● Exercise requirements
Only the stretch of the listing below that runs from the line with "Superhero Wallpaper Hd" through the line with "Thalassa Beach Body" is to be printed, exactly and with both ends.

[[ Data for this task open ]]

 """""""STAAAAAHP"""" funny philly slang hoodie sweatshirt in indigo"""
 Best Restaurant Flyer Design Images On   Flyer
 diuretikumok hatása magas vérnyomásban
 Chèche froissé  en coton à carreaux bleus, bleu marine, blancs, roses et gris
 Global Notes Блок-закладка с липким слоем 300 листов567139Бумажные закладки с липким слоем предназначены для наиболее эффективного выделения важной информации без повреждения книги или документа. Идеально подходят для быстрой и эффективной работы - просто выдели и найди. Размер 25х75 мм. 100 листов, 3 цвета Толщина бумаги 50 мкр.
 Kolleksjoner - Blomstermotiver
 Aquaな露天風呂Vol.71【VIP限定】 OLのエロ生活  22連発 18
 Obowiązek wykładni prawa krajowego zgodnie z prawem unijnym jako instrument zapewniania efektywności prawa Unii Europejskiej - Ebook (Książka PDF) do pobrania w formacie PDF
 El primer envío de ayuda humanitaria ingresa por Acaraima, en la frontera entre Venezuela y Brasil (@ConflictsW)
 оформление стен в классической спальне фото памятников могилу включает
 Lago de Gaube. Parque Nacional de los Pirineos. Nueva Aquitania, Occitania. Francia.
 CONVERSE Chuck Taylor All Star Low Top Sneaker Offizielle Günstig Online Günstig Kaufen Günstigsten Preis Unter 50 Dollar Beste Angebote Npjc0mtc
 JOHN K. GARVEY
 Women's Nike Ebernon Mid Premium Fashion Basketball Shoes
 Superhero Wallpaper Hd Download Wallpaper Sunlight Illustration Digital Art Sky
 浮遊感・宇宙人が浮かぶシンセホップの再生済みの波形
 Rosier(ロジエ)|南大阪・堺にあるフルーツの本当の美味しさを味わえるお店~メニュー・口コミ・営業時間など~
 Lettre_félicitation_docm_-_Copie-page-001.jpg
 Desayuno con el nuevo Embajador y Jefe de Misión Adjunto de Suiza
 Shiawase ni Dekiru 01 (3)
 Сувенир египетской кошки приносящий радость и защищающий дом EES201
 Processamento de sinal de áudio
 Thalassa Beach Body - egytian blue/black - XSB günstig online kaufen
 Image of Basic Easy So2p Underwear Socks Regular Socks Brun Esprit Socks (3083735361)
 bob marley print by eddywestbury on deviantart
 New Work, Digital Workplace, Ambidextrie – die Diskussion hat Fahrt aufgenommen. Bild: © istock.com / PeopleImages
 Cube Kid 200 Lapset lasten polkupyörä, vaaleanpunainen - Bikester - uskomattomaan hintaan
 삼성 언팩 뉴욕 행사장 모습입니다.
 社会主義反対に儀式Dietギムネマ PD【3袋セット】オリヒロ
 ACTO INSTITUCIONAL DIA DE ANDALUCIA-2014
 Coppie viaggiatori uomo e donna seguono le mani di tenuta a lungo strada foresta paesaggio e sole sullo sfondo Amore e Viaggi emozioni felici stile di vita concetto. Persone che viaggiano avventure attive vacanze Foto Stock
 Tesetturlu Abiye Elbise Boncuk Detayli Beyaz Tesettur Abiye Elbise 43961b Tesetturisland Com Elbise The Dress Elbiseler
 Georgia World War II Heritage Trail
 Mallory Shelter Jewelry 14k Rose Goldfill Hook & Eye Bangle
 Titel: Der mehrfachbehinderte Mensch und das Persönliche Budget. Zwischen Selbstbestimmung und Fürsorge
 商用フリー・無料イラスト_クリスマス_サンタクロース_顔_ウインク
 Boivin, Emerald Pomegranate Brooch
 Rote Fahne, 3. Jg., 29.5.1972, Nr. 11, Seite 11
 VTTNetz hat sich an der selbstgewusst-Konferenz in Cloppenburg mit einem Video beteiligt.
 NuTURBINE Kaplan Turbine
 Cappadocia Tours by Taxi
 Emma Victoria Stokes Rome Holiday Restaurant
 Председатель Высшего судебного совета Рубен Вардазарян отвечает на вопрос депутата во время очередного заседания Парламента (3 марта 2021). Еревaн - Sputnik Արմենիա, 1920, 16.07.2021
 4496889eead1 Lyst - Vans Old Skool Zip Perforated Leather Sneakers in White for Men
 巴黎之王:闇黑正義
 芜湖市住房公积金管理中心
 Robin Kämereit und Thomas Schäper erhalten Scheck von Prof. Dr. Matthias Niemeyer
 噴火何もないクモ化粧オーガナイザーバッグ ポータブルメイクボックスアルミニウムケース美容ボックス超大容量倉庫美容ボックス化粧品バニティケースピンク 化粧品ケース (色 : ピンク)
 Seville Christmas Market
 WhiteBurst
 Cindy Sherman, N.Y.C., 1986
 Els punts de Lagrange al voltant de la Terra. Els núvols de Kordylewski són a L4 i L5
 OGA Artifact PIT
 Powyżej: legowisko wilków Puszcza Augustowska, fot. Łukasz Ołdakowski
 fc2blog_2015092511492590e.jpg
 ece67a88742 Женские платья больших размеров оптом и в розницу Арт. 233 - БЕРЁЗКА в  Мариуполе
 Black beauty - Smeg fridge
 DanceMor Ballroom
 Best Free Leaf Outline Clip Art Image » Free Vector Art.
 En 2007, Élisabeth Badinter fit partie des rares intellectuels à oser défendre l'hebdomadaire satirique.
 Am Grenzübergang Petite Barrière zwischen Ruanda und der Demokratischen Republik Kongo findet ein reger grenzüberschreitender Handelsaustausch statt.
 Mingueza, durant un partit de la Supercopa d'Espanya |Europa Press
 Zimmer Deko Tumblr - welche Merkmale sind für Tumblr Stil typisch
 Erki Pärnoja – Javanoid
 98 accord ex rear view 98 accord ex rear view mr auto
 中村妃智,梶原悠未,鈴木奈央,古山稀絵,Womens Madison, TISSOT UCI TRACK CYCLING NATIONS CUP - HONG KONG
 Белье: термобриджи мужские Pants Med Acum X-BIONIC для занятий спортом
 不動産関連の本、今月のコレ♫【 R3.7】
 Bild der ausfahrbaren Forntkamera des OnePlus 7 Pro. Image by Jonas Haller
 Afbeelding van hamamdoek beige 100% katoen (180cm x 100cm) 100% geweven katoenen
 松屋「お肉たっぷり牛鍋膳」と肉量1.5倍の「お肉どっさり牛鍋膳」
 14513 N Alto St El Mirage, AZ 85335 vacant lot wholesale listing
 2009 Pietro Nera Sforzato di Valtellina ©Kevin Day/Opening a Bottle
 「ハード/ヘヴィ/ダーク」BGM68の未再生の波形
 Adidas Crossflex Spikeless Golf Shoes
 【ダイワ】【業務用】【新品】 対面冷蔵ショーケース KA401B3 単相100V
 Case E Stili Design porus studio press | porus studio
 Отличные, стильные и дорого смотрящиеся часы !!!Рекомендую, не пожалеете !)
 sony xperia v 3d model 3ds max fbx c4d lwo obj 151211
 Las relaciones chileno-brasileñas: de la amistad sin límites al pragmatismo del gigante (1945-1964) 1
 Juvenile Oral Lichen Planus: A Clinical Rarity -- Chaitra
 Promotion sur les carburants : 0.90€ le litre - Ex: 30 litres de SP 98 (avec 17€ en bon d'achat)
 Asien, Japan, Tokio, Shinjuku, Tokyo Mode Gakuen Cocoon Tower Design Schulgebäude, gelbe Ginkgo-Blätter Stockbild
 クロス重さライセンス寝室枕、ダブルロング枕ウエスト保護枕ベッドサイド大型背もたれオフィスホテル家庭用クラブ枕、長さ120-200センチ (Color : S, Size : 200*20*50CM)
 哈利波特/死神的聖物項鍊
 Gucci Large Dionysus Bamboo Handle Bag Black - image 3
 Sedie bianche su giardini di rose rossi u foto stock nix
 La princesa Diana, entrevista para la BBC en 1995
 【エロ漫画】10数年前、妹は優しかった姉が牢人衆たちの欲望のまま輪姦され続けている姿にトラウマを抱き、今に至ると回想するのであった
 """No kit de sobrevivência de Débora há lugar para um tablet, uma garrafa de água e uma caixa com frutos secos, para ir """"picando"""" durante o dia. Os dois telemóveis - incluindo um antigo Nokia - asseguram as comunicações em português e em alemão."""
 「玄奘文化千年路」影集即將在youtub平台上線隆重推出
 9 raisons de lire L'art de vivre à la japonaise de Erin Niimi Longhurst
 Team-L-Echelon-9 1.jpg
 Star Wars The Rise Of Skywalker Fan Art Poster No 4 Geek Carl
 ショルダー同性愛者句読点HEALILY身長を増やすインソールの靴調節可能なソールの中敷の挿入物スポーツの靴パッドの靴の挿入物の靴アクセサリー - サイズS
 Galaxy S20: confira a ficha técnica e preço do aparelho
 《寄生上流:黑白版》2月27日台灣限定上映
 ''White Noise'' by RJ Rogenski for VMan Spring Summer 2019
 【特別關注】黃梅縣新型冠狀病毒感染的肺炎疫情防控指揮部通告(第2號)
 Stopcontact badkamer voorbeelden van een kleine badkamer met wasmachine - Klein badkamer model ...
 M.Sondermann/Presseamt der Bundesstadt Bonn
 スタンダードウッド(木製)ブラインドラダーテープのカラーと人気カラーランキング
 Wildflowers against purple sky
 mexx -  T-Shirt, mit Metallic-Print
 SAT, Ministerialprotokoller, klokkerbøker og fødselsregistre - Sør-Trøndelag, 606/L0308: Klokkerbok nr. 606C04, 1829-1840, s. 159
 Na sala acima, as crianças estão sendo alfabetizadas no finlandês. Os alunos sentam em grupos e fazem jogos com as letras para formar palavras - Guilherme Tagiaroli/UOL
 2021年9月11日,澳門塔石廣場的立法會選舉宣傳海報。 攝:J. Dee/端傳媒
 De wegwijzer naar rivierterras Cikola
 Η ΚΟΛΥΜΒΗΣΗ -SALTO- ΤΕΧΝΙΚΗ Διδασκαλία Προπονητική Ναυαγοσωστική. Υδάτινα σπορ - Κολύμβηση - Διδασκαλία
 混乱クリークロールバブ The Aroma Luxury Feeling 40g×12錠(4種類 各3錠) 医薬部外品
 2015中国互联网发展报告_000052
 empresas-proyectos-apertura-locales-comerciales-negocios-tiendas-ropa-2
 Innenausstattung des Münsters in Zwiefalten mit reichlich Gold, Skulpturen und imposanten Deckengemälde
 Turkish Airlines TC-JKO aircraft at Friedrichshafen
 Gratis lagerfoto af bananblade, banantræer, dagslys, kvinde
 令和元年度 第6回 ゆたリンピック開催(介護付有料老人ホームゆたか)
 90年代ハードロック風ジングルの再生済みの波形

[[ Data for this task closed ]]

● Solution to this exercise
 Superhero Wallpaper Hd Download Wallpaper Sunlight Illustration Digital Art Sky
 浮遊感・宇宙人が浮かぶシンセホップの再生済みの波形
 Rosier(ロジエ)|南大阪・堺にあるフルーツの本当の美味しさを味わえるお店~メニュー・口コミ・営業時間など~
 Lettre_félicitation_docm_-_Copie-page-001.jpg
 Desayuno con el nuevo Embajador y Jefe de Misión Adjunto de Suiza
 Shiawase ni Dekiru 01 (3)
 Сувенир египетской кошки приносящий радость и защищающий дом EES201
 Processamento de sinal de áudio
 Thalassa Beach Body - egytian blue/black - XSB günstig online kaufen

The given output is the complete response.